• _Your task_
In your copy of the listing below, reproduce each word exactly and include no pictures.

• _Data segment_
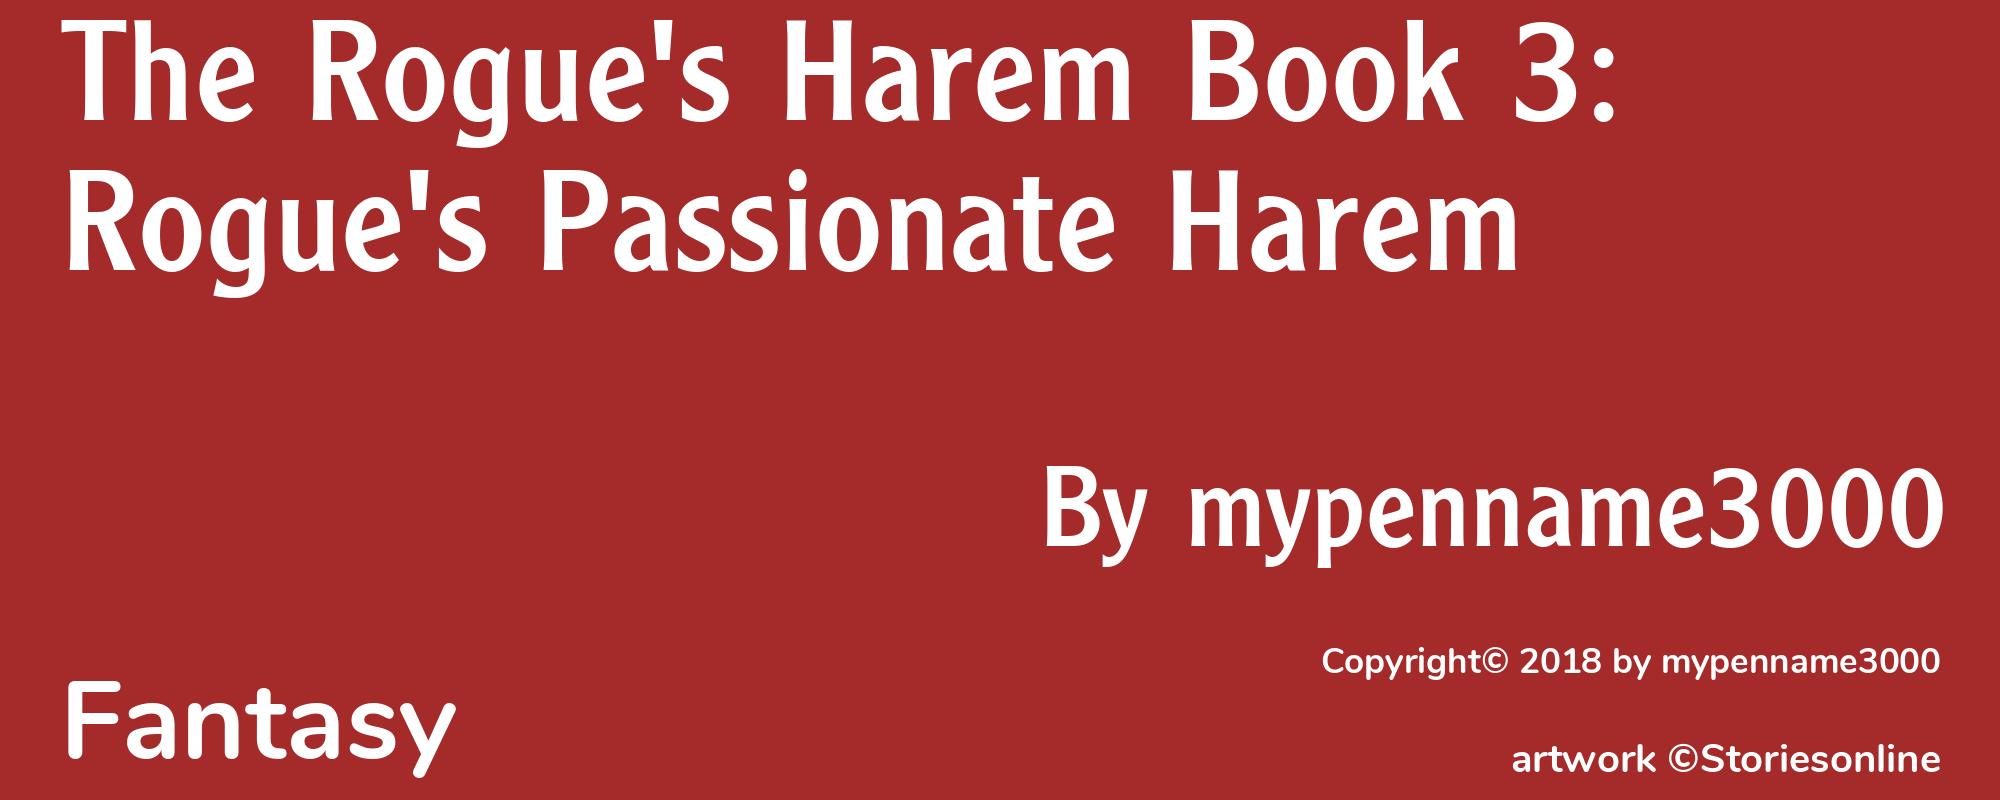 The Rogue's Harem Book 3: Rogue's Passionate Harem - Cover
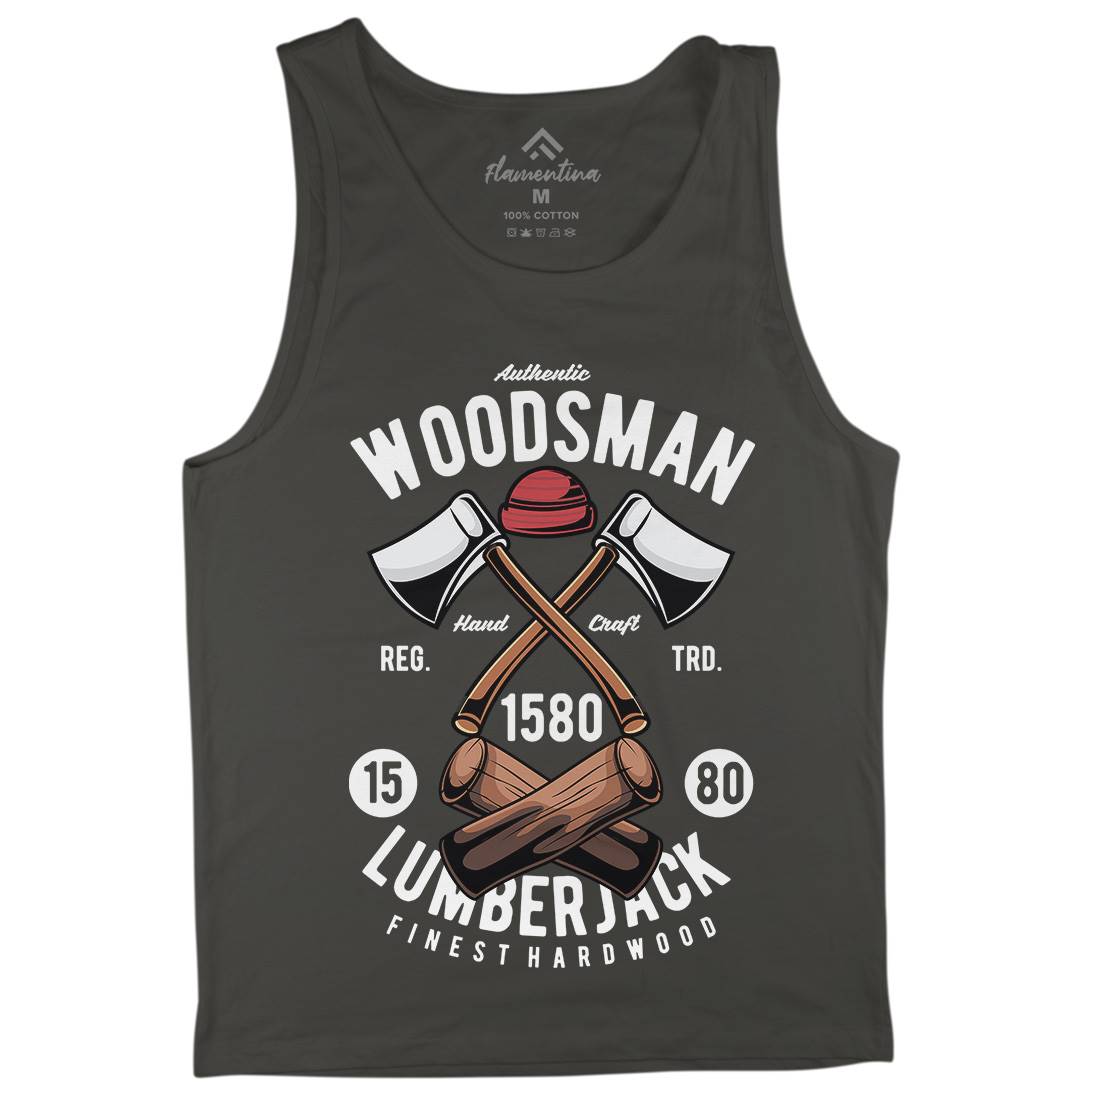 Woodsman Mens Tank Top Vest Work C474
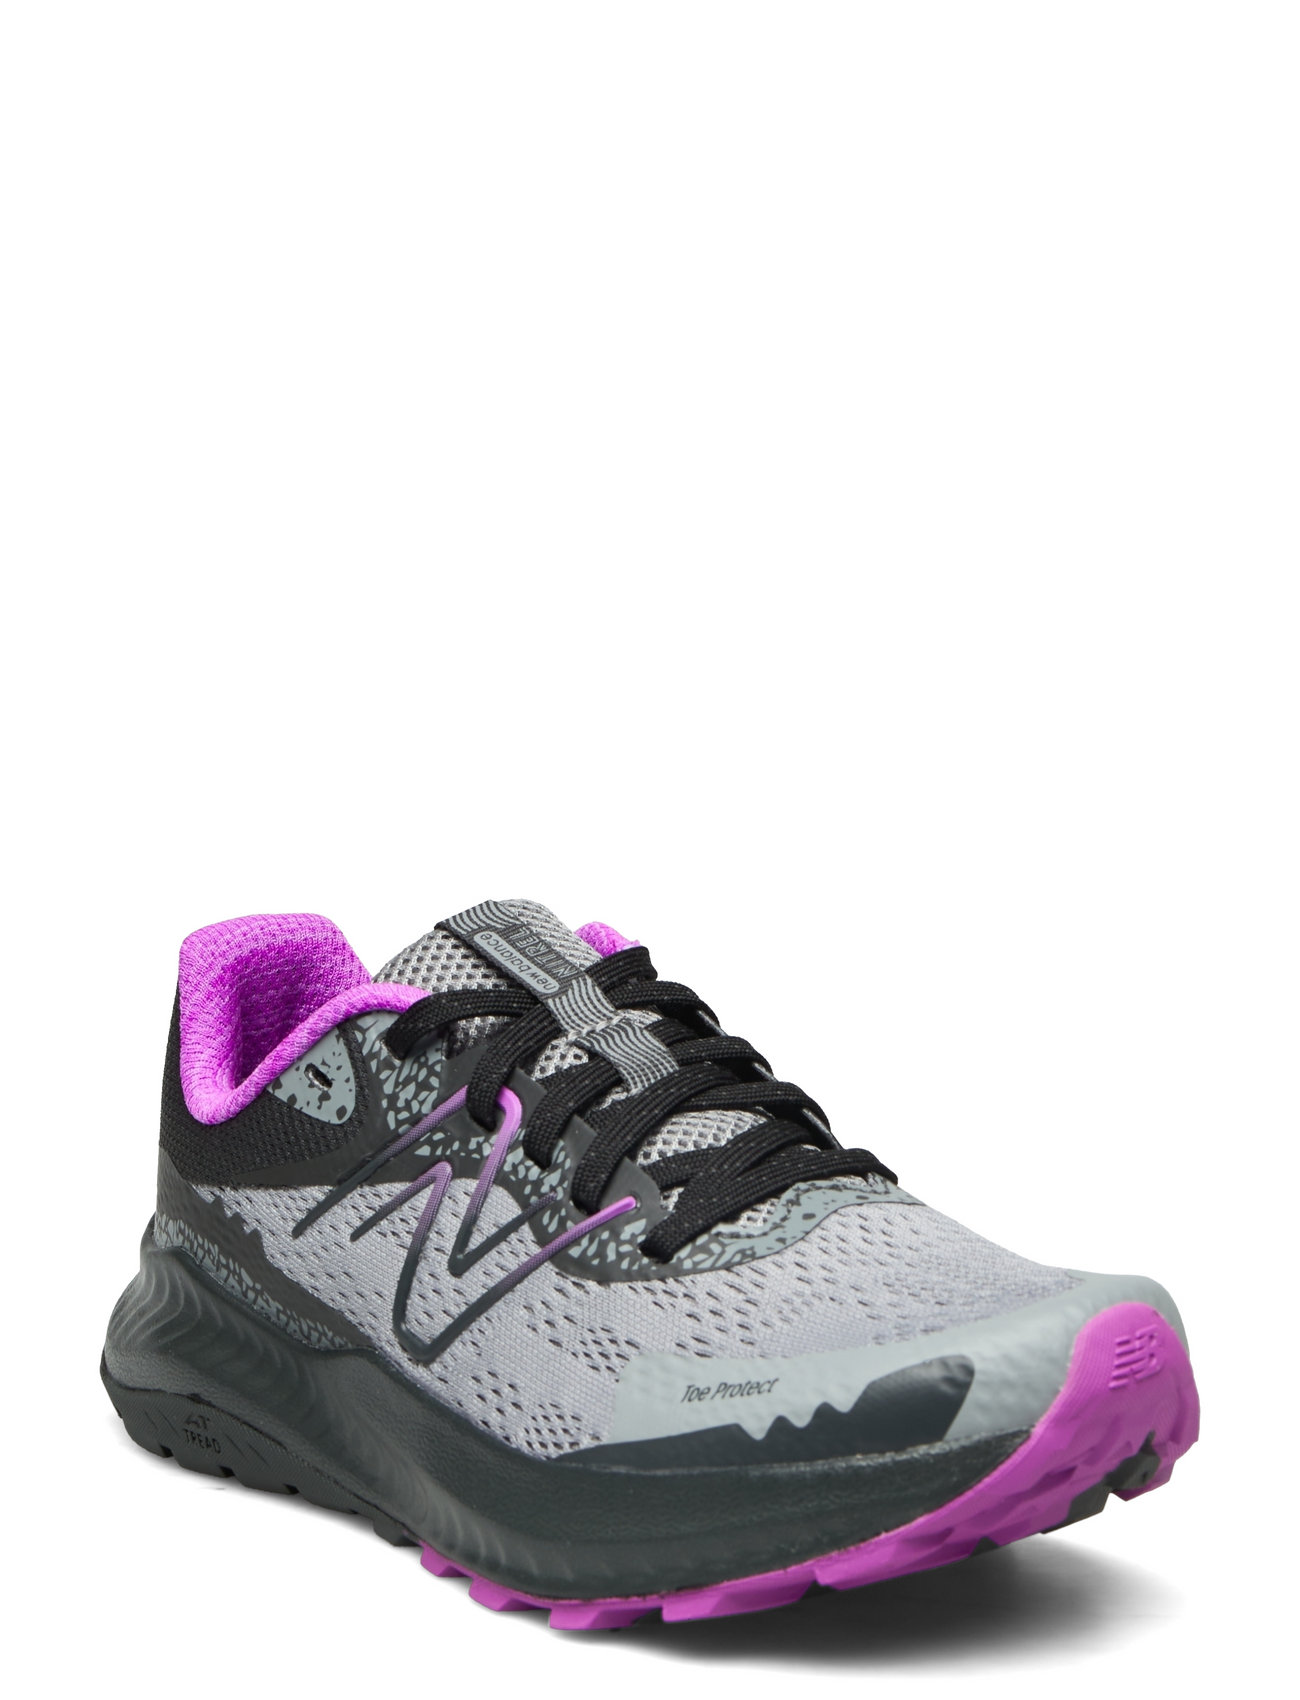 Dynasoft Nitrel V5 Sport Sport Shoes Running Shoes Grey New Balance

• _Solved exercise_
 The Rogue's Harem Book 3: Rogue's Passionate Harem - Cover
 Woodsman Mens Tank Top Vest Work C474
 Dynasoft Nitrel V5 Sport Sport Shoes Running Shoes Grey New Balance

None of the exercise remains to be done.